To Naterstx's point, their order seems very confusing to someone who has never set foot in their dept. I was there on a Monday when we were to complete an Order and it's true, the system displayed On-hands that were very incorrect but they do not look at that because they go solely based off of their memory from what they pushed in the morning and what backstock they had from that. So completing the order, for me, was very confusing because it was hard for me to remember all of that.

Thanks for the feedback.
 
Joined
Sep 23, 2011
Messages
287
#17
Other retail companies do manage to run a business without a backroom with everything scanned into locations...
Yes and it can work just fine, but it depends on the sort of logistics a company chooses to have and their loss thresholds. Targets methods require you scan things in to locations (at least food) if you have any hope of avoiding massive loss numbers.
 
Joined
Jun 10, 2011
Messages
48
#18
Thanks guys. Yeah, I have been searching for and reading a lot of the threads on Pfresh on here and taking quite a bit of notes.

I have noticed that the store I am training at does have a lot of corner cutting and "hush hush" procedures going on. I don't plan to follow a lot of the the things my trainer is showing me, this being one of them because even though it seems as the her system works for her and her PAs, its just not Best Practice and I can see how it may cause a lot of issues.

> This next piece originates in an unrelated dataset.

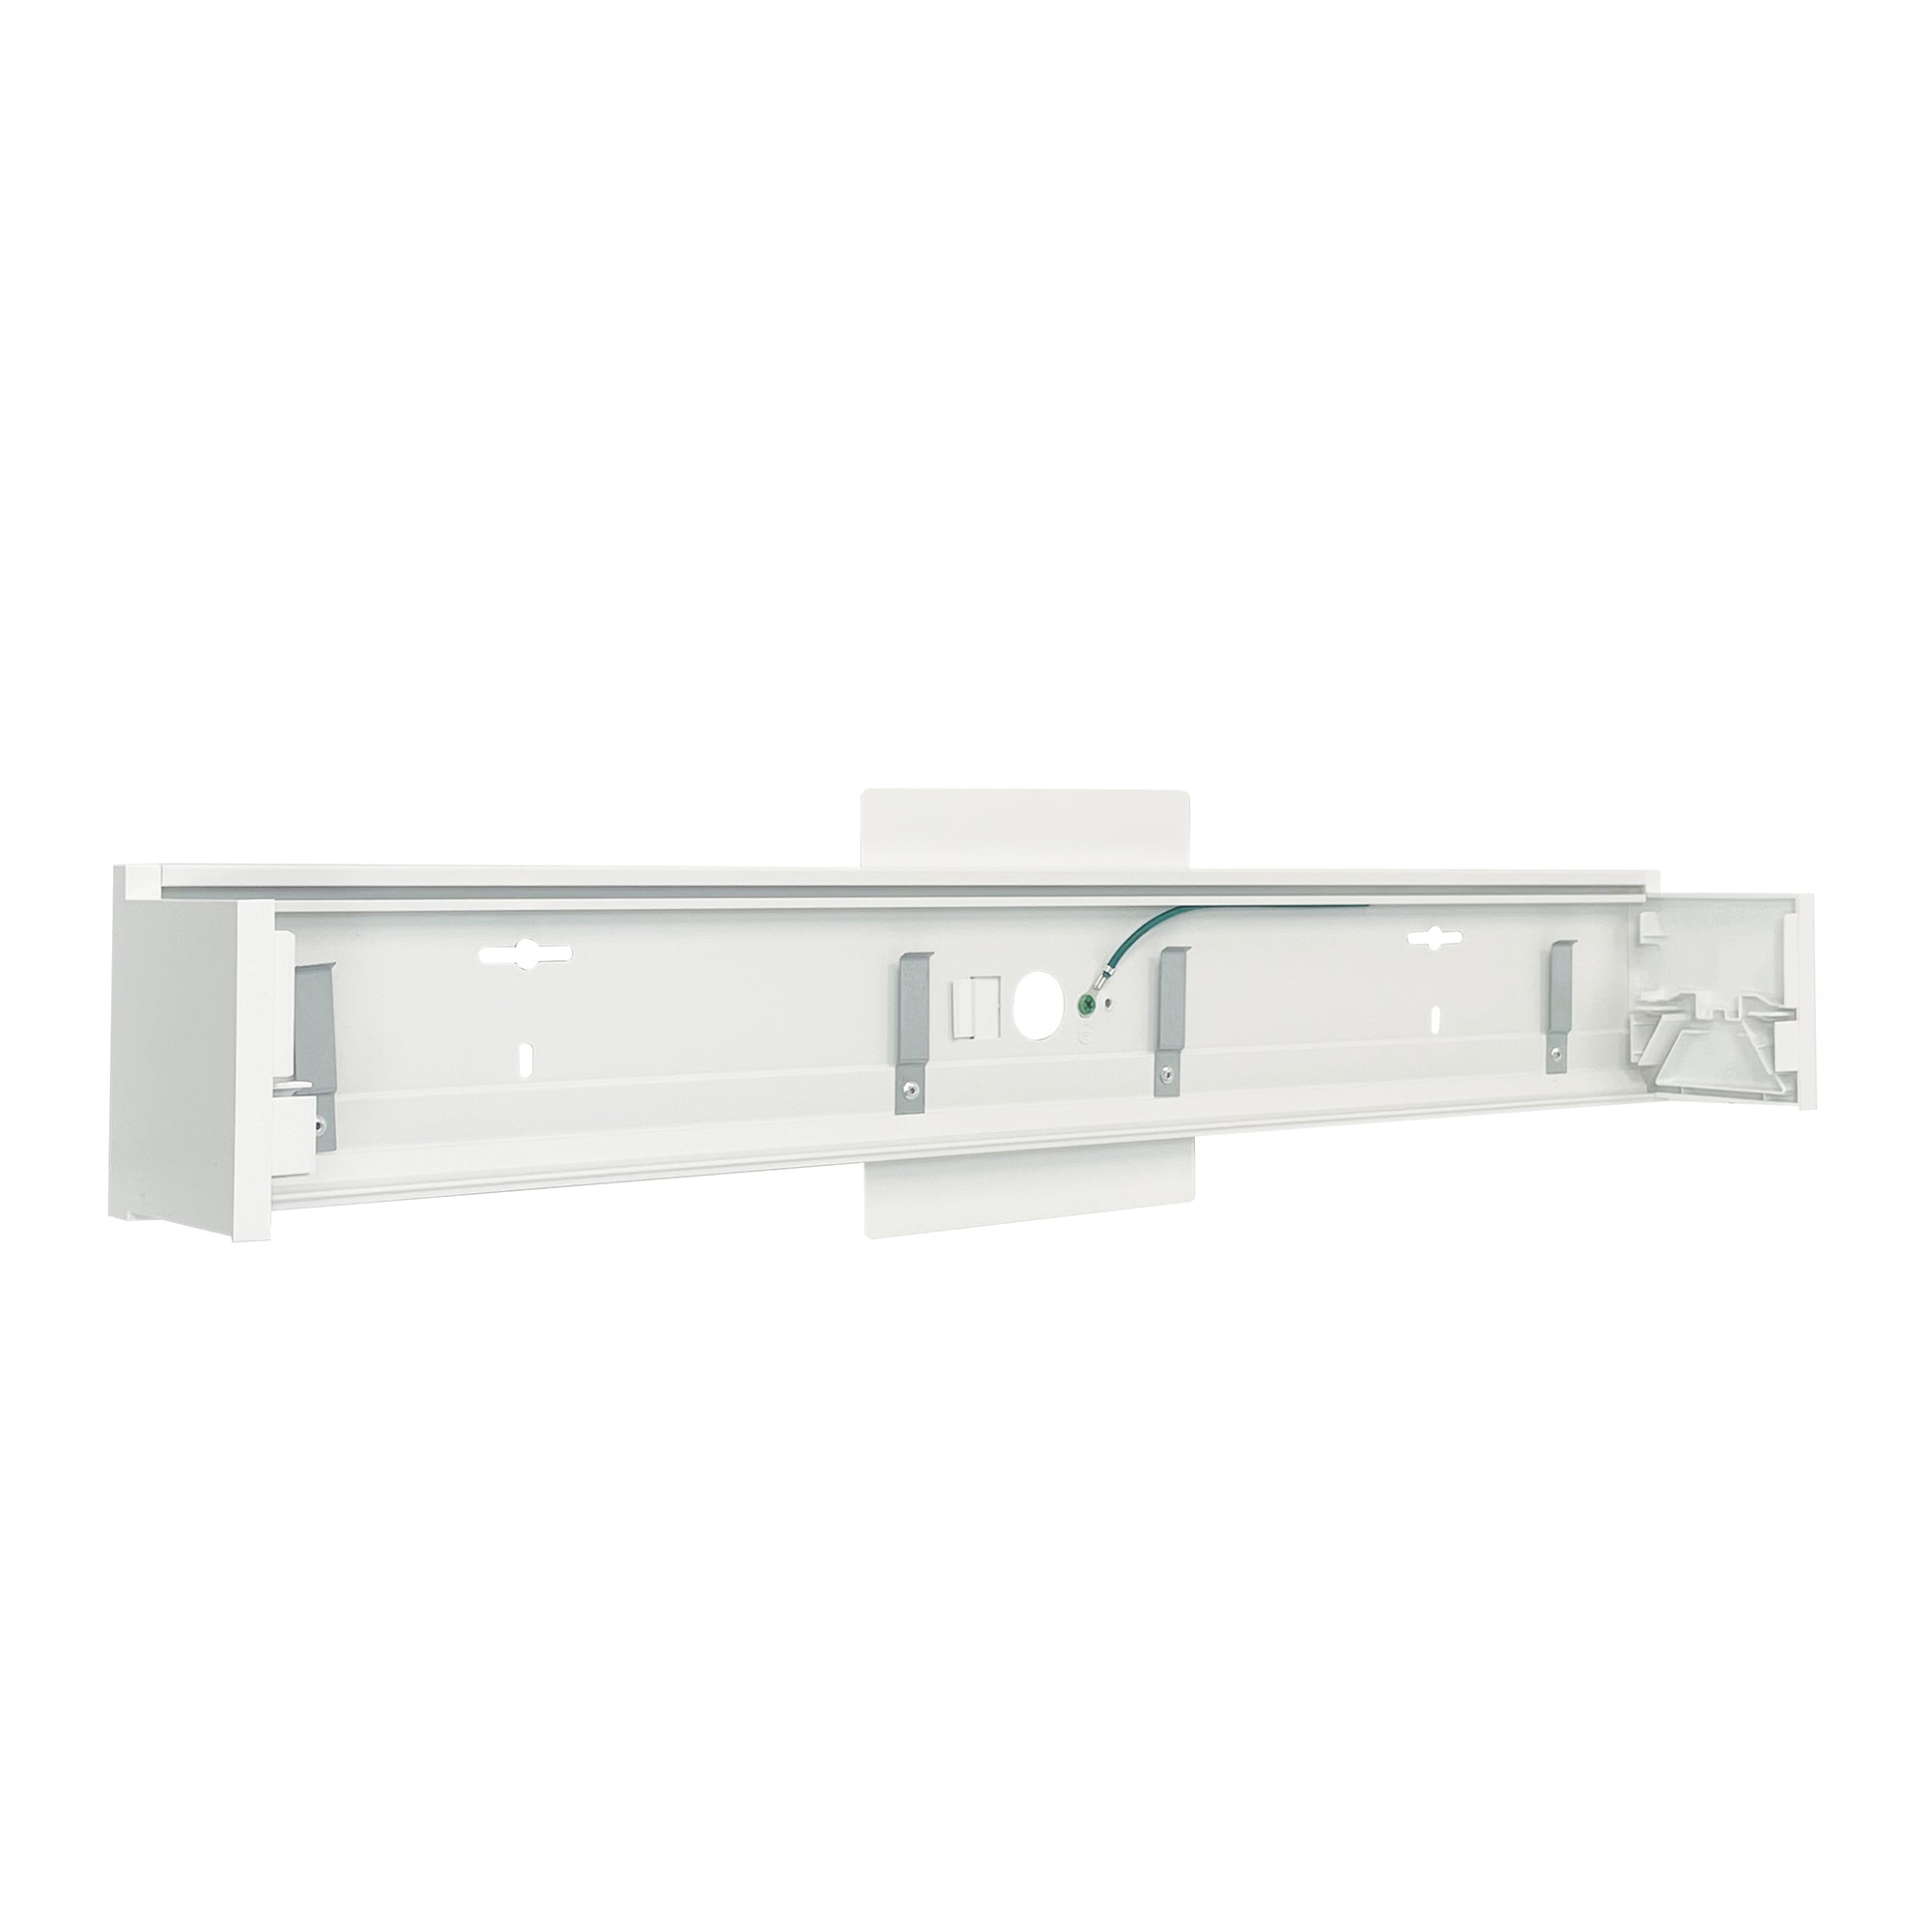 Nora Lighting NLUD-4WMW - Linear - 4' Wall Mount Kit for NLUD-4334, White Finish
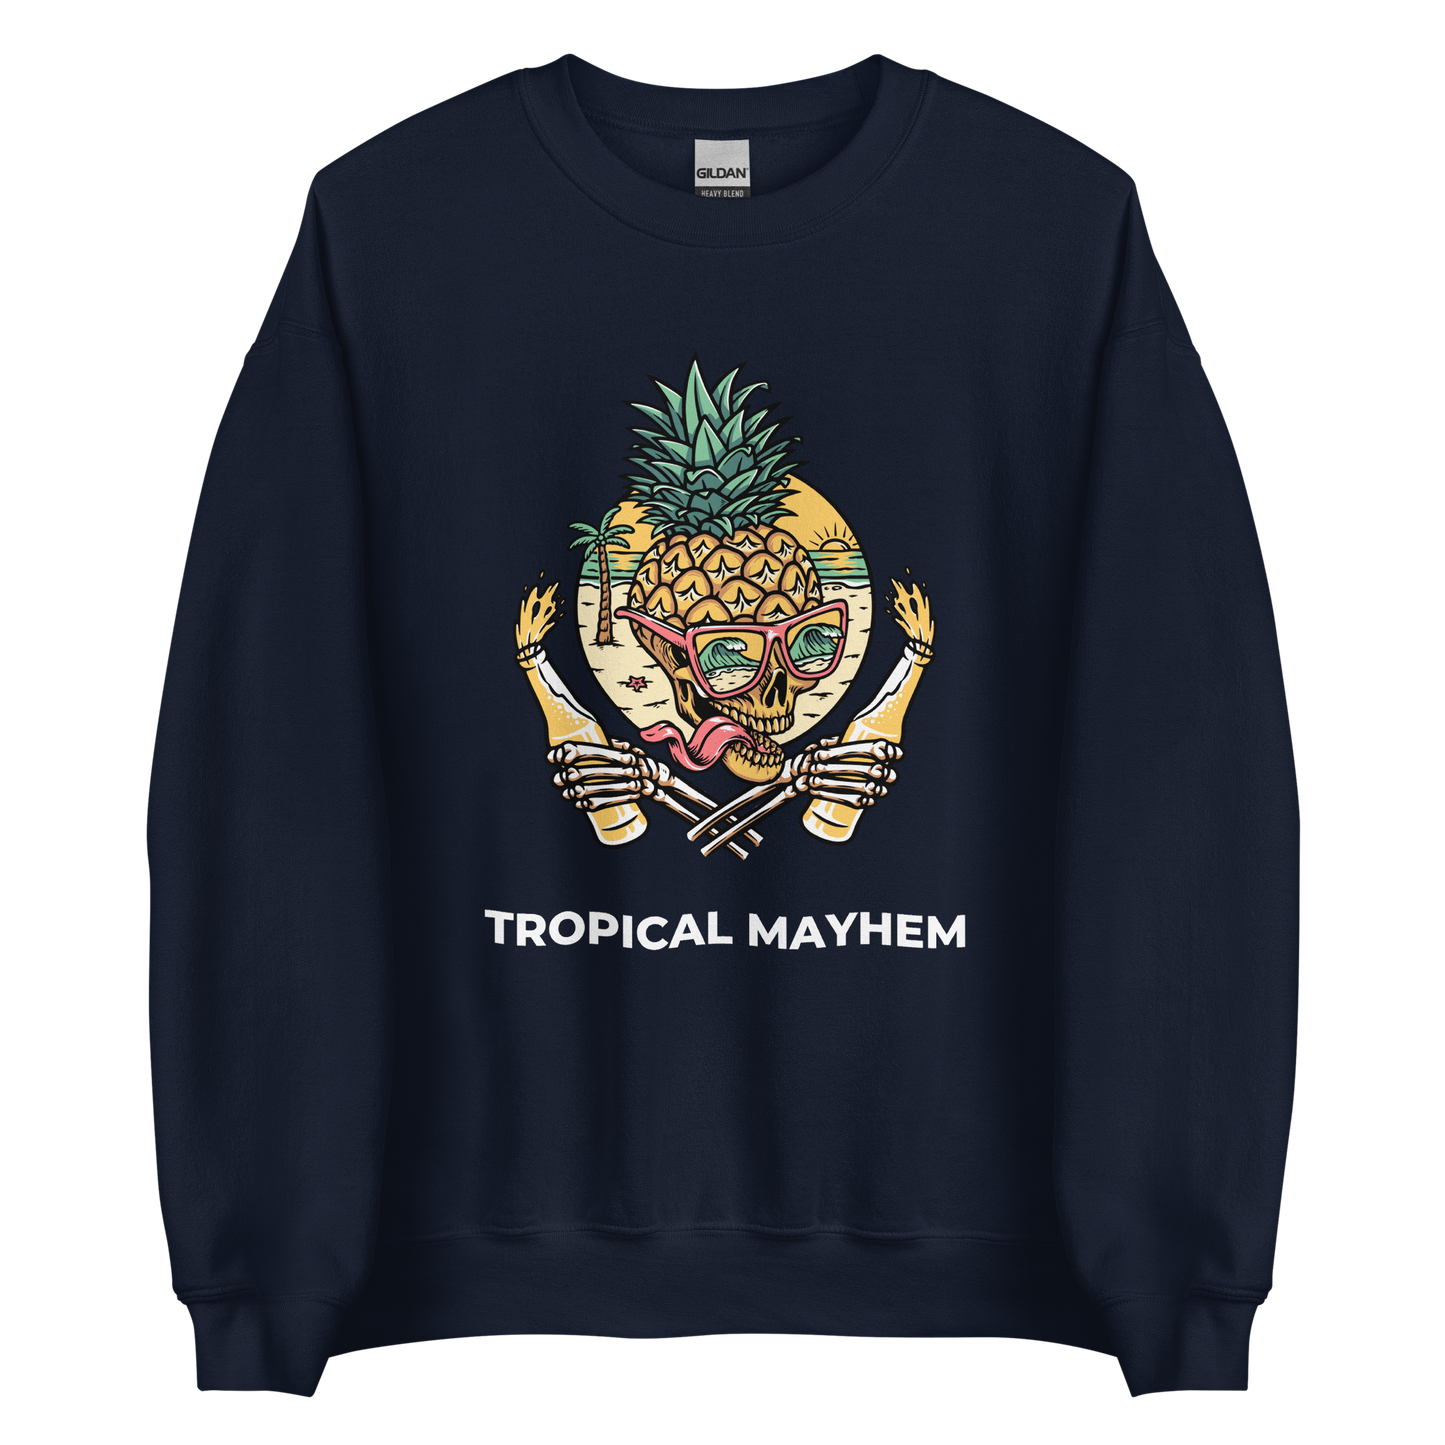 Navy Tropical Mayhem Sweatshirt featuring a Crazy Pineapple Skull graphic on the chest - Funny Graphic Pineapple Sweatshirts - Boozy Fox

To Naterstx's point, their order seems very confusing to someone who has never set foot in their dept. I was there on a Monday when we were to complete an Order and it's true, the system displayed On-hands that were very incorrect but they do not look at that because they go solely based off of their memory from what they pushed in the morning and what backstock they had from that. So completing the order, for me, was very confusing because it was hard for me to remember all of that.

Thanks for the feedback.
This is the way orders and backstock is handle in every SuperTarget I have been in, however PFresh is alway located.